Will Geng-Zi’s Turmoil Produce Changes in China and Iran?

Will Geng-Zi’s Turmoil Produce Changes in China and Iran?
A man wearing a face mask walks past an installation for the recent Lunar New Year of the Rat, at Yu Park in Shanghai on Feb. 6, 2020. (Noel Celis/AFP via Getty Images)
Michael Ledeen
4/26/2020
Updated:
4/28/2020
Commentary

One topic has now set tongues wagging in the world of Chinese intellectuals. According to the Chinese astrology chart, 2020 is the year of Geng-Zi, or the metal rat, which comes once every 60 years.

It is said that every time the year of the metal rat rolls around, a big history-shaking incident takes place. That may be happening in China, and also in Iran, which doesn’t share China’s astrology.

In 1840, during the Qing Dynasty, the Opium War broke out, leading to China’s stagnation for more than a century.

Sixty years later, in 1900, toward the end of the Qing Dynasty, forces from an alliance of eight nations—the UK, United States, Germany, France, Italy, Russia, Japan, and Austria-Hungary—moved from Tianjin to Beijing, an incident triggered by the Boxer Rebellion, which had started in 1899.

“55 Days at Peking” is an American film starring Charlton Heston and depicting the siege of the foreign legations’ compounds in Peking, now known as Beijing, during the Boxer Rebellion.

The metal rat’s next return, in 1960, coincided with a famine caused by the Great Leap Forward led by Mao Zedong, the founding father of “a new China,” or the People’s Republic of China.

Yang Jisheng, a former journalist for Xinhua News Agency who lost his foster father to the famine, later authored “Tombstone,” a detailed reportage about the epic disaster.

Are we now in the midst of a new catastrophe, destined to thwart the Chinese Communist Party’s goals for global hegemony? Is the CCP doomed to be defeated by the metal rat? Can the mythological symbol become a force for success, or will the Chinese sink again into 60 years of misery?

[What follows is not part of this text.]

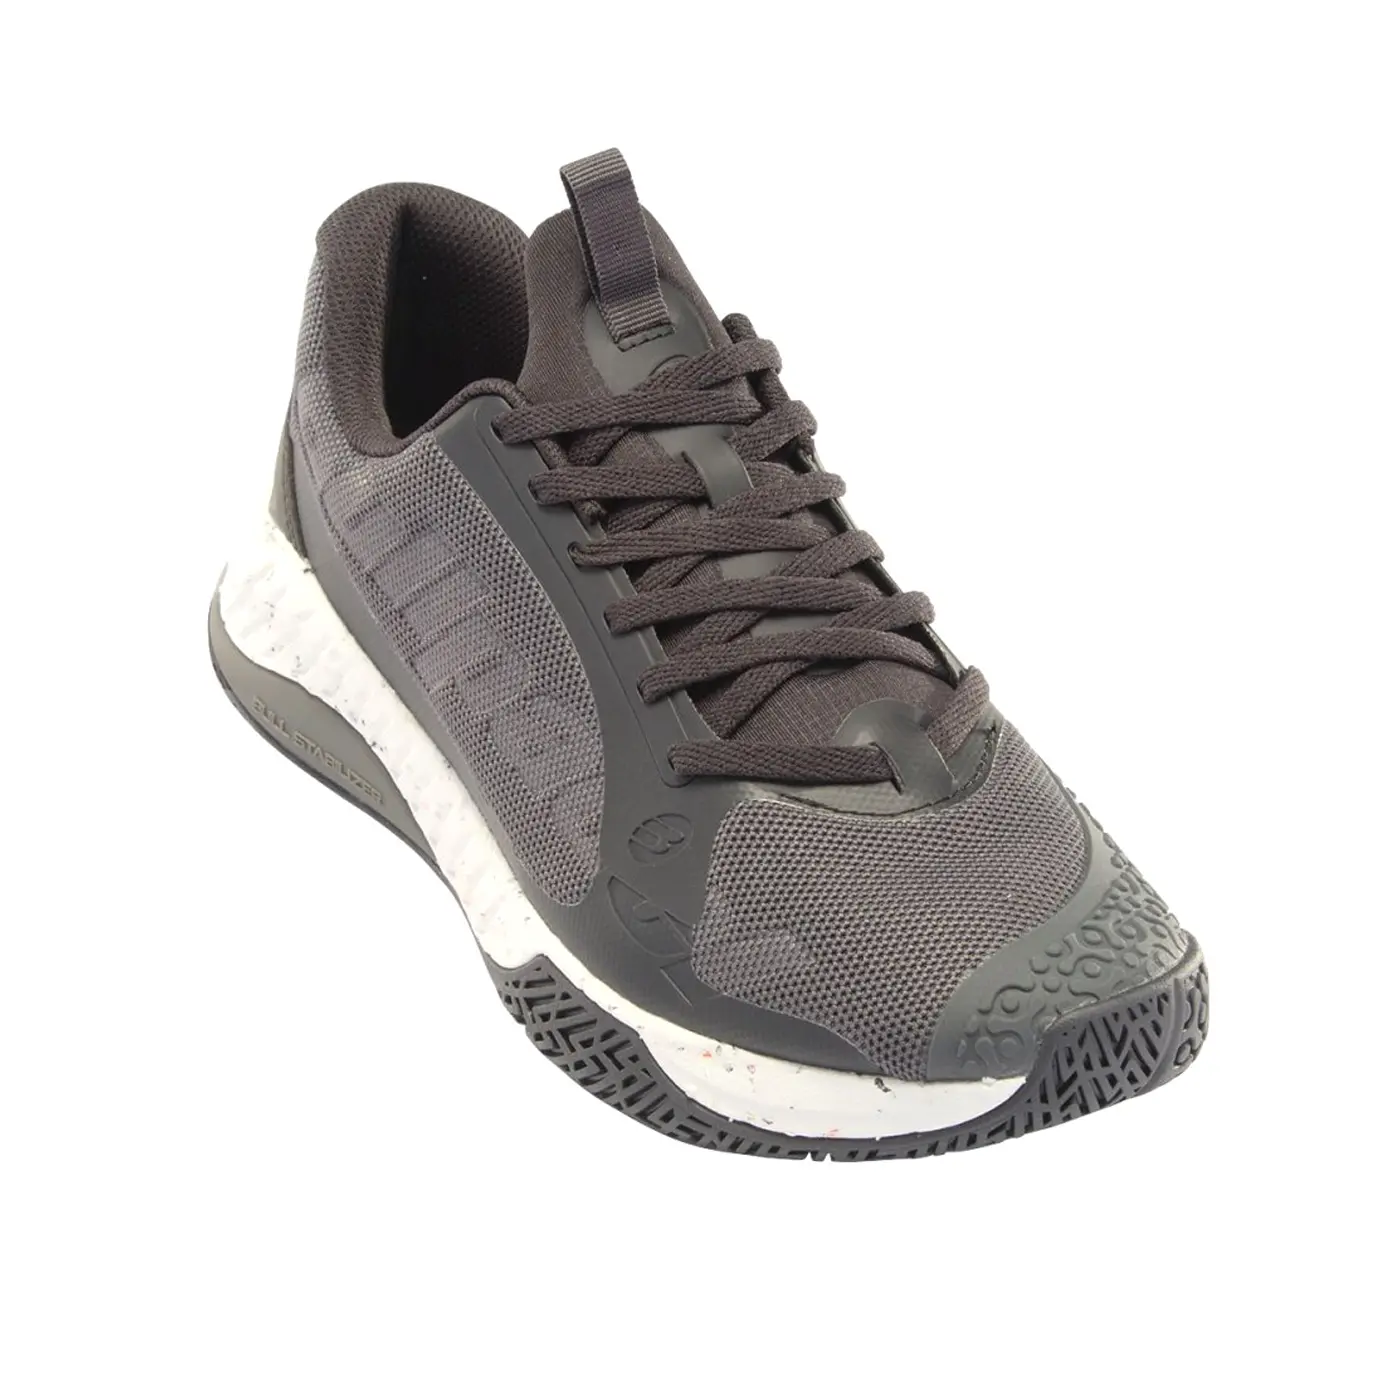 Bullpadel Comfort Pro 23I Men's Padel Shoes

Nobody knows for sure, but the Iranians seem to be suffering from a metal rat-like catastrophe: massive unemployment, lack of jobs, shrinking housing, and ongoing repression. Twitter reports an increasing tempo of arrests, torture, and execution, and it appears commonplace for corpses to disappear, lest enraged relatives resolve to bring down the whole rotten edifice.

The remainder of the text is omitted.